Cool accomplishment:
This past week the educational psychologist, Guadalupe, came to me on Wednesday to talk to me about a meeting with the local community leaders which the HCN would be leading on Thursday. The HCN has plans to bring in new children/ families into their program and wanted to engage the local community leaders in this process. We had already discussed this as an event, but on Wednesday, Guadalupe came and asked me to help facilitate/ present at this meeting. She wanted me to discuss our organization’s principles of partnership and the definition of “at-risk” as it refers to children. I was excited but mainly nervous. I had never discussed these topics in front of a group… of important political figures in the community… in Spanish… with one day to prepare. I crammed, and translated, and crammed, and worried once or twice. To my great relief, the meeting went off fairly seamlessly; excluding the extensive political discussions between different communities, but, everyone appeared to believe those were the most natural part of our meeting.
Funny story:
Yesterday, the professors had an abbreviated work day as the kids were not here and we were just making some posters to put up around the center.

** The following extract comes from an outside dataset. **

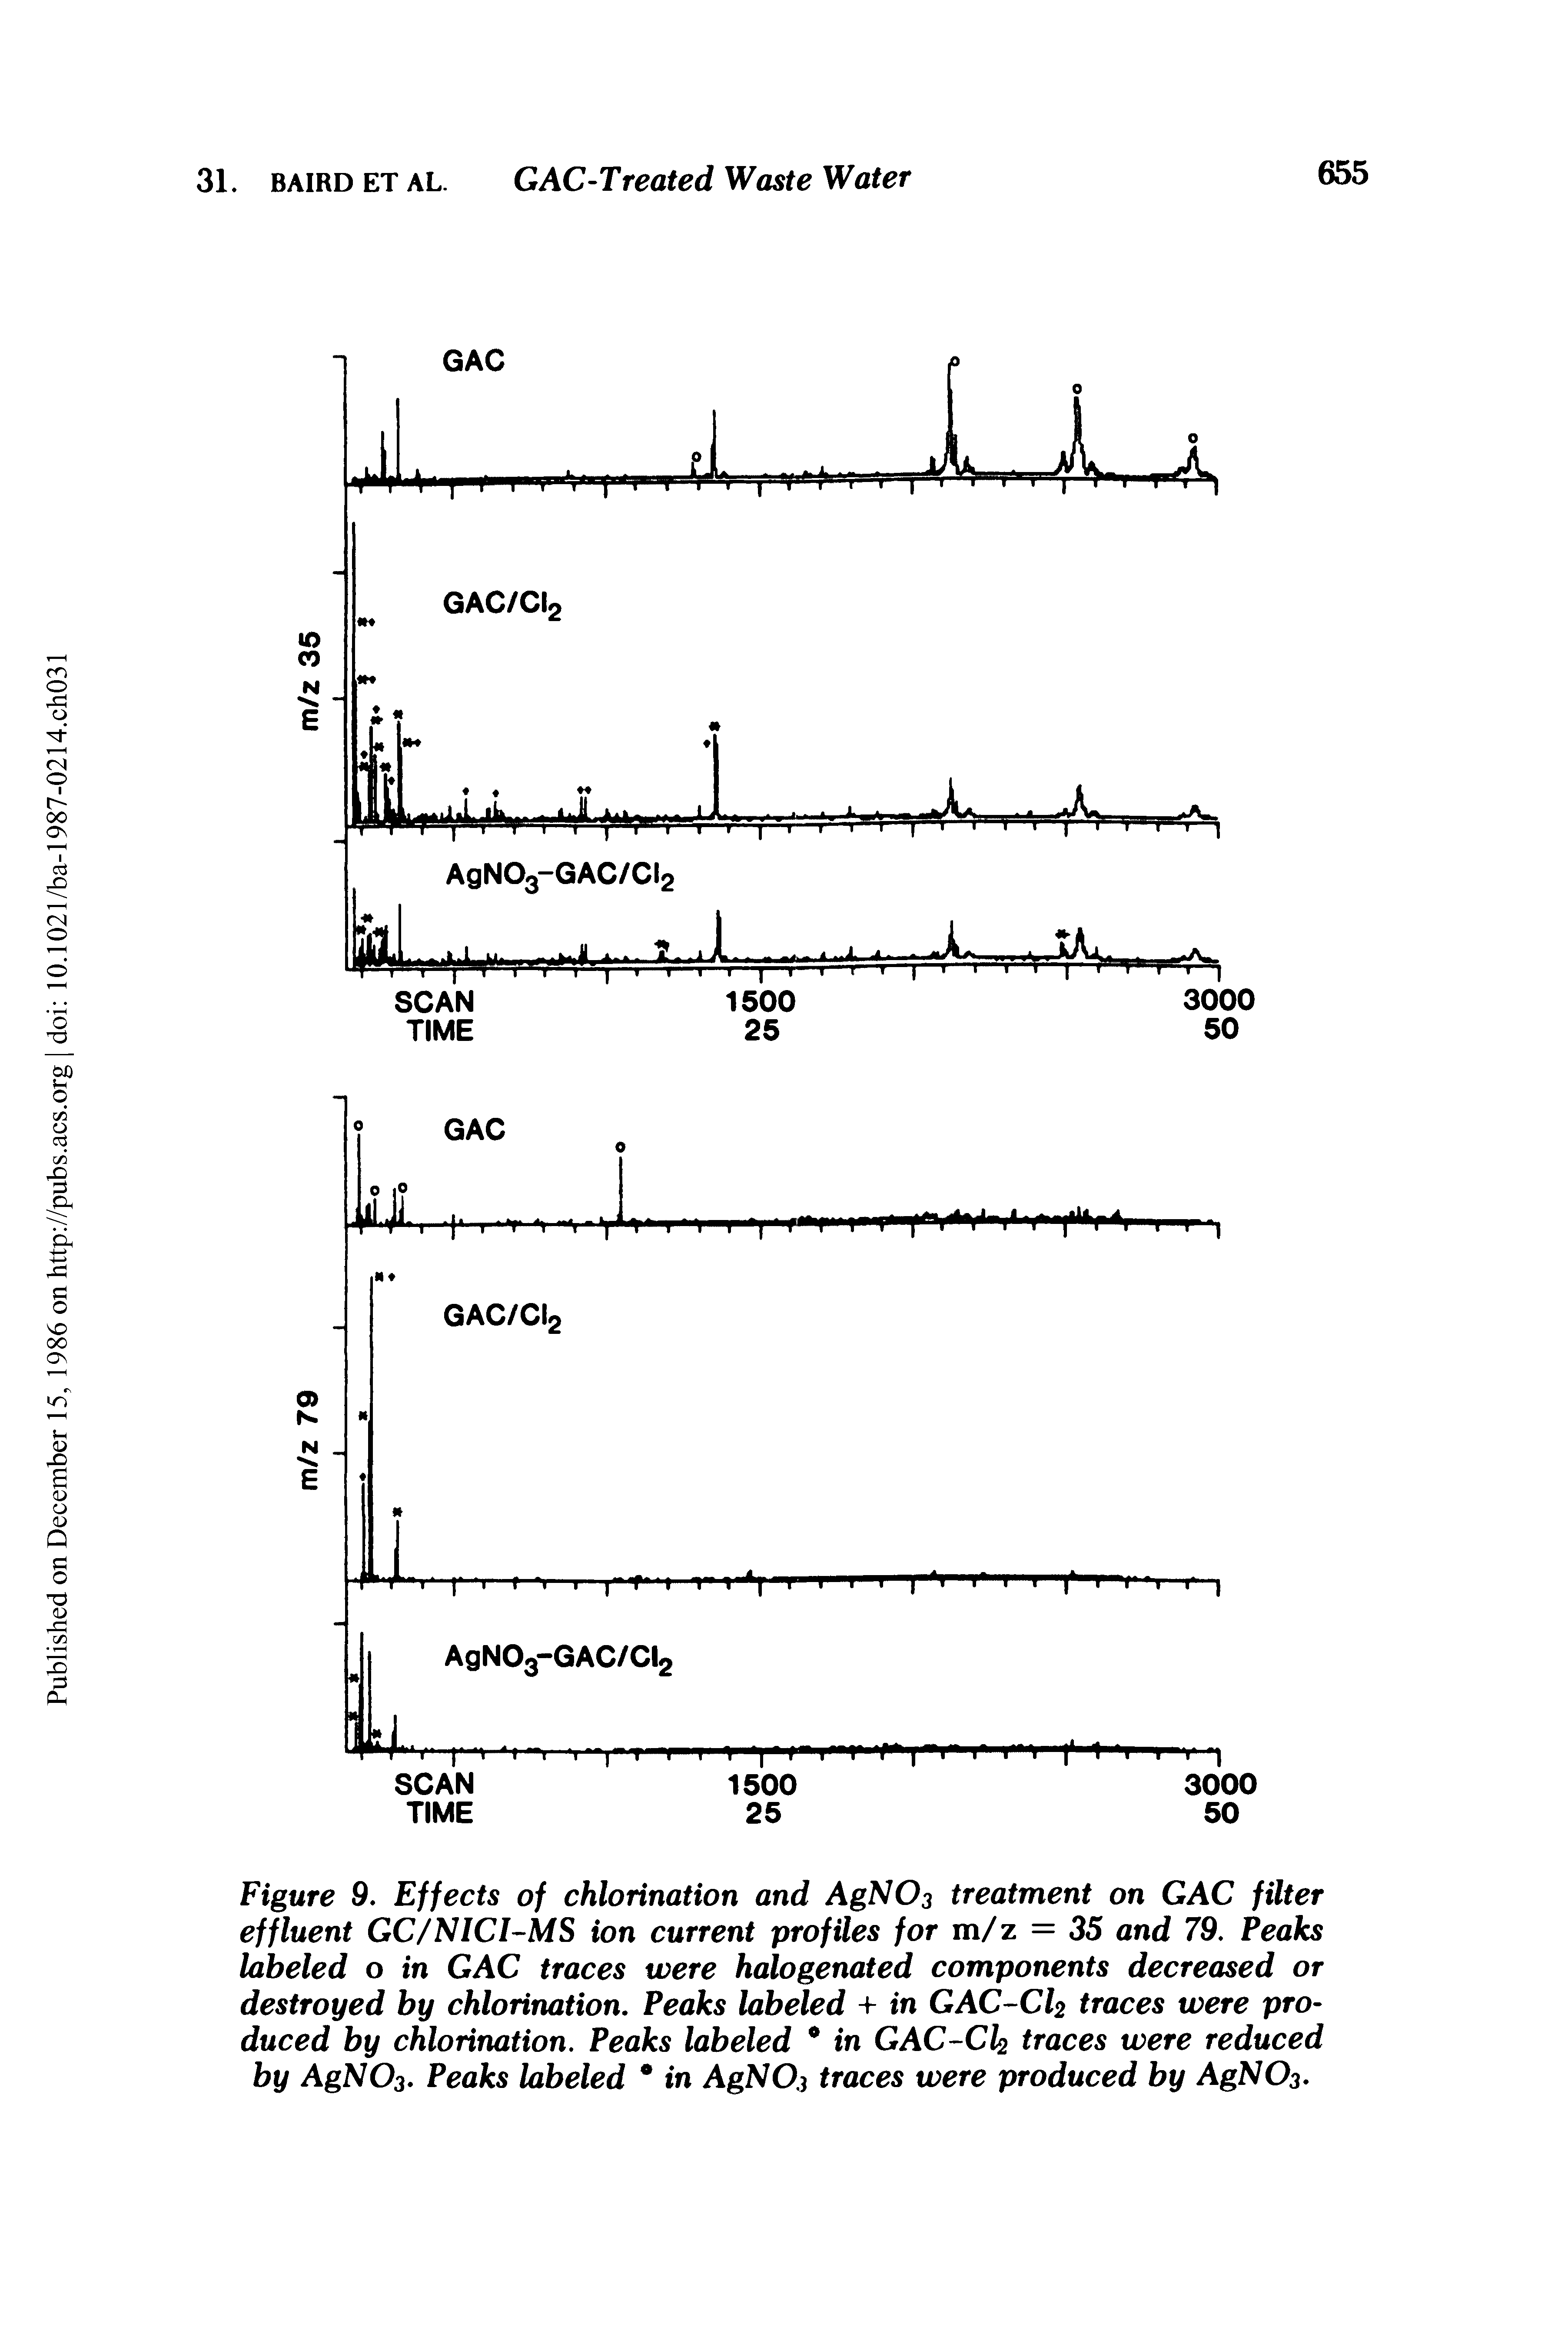 Figure 9. Effects of chlorination and AgN03 treatment on GAC filter effluent GC/NICI-MS ion current profiles for m/z = 35 and 79. Peaks labeled o in GAC traces were halogenated components decreased or destroyed by chlorination. Peaks labeled + in GAC-Ch traces were produced by chlorination. Peaks labeled 0 in GAC-Cfe traces were reduced by AgNQ3. Peaks labeled 0 in AgNQ3 traces were produced by AgNQ3.
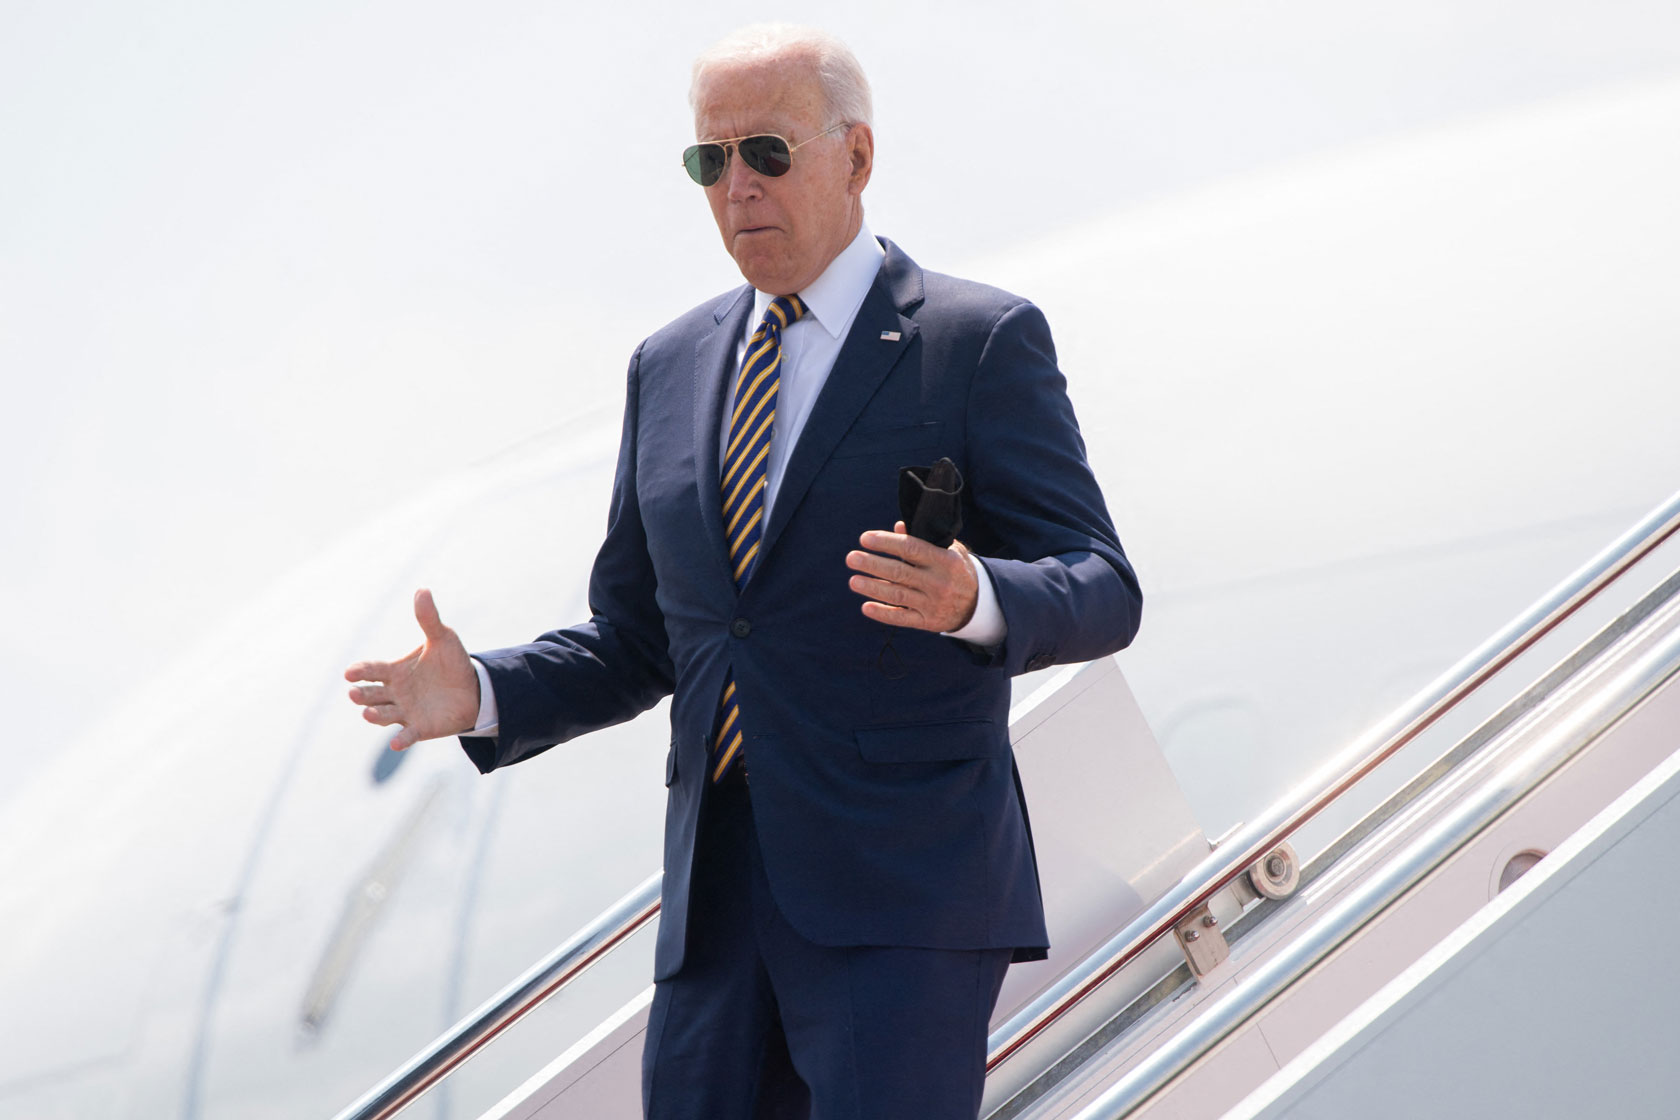 Photo shows Joe Biden wearing a suit as he steps exists an airplane on a sunny day

In the middle of the day we had a giant vegetable/ crab soup. When I say giant, I mean that the pot was like the size of a dog tub and literally full of soup. When I say giant, I mean that they gave us taurine of soup instead of bowls. Anyway, enough about the amazing soup. On Friday, Marisol had told me that all the ingredients for the soup were in my refrigerator, and she said that I shouldn’t let the “animalitos” scare me. I was like “wait; there are little animals in my fridge? What is this?” A former staff member who had come on a visit was there and said in English, “She means the crabs.” Unfortunately, I definitely thought she said “rats,” so that didn’t make me feel better. After I simply stared at them with a completely shocked face for a few minutes, they re-explained that there were crabs in my refrigerator. Alright, so back to Monday. Friday’s shock was only one-upped by one of the professors discovering an actual dead rat that had begun to rot in the unused bathroom adjacent to my kitchen. Oh, the very unfortunate irony.
Maybe that is a really unprofessional place to leave this post, but Franklin just came to invite me to dinner with him and his brother and their professor, so I am unashamedly leaving to eat Nicaraguan food!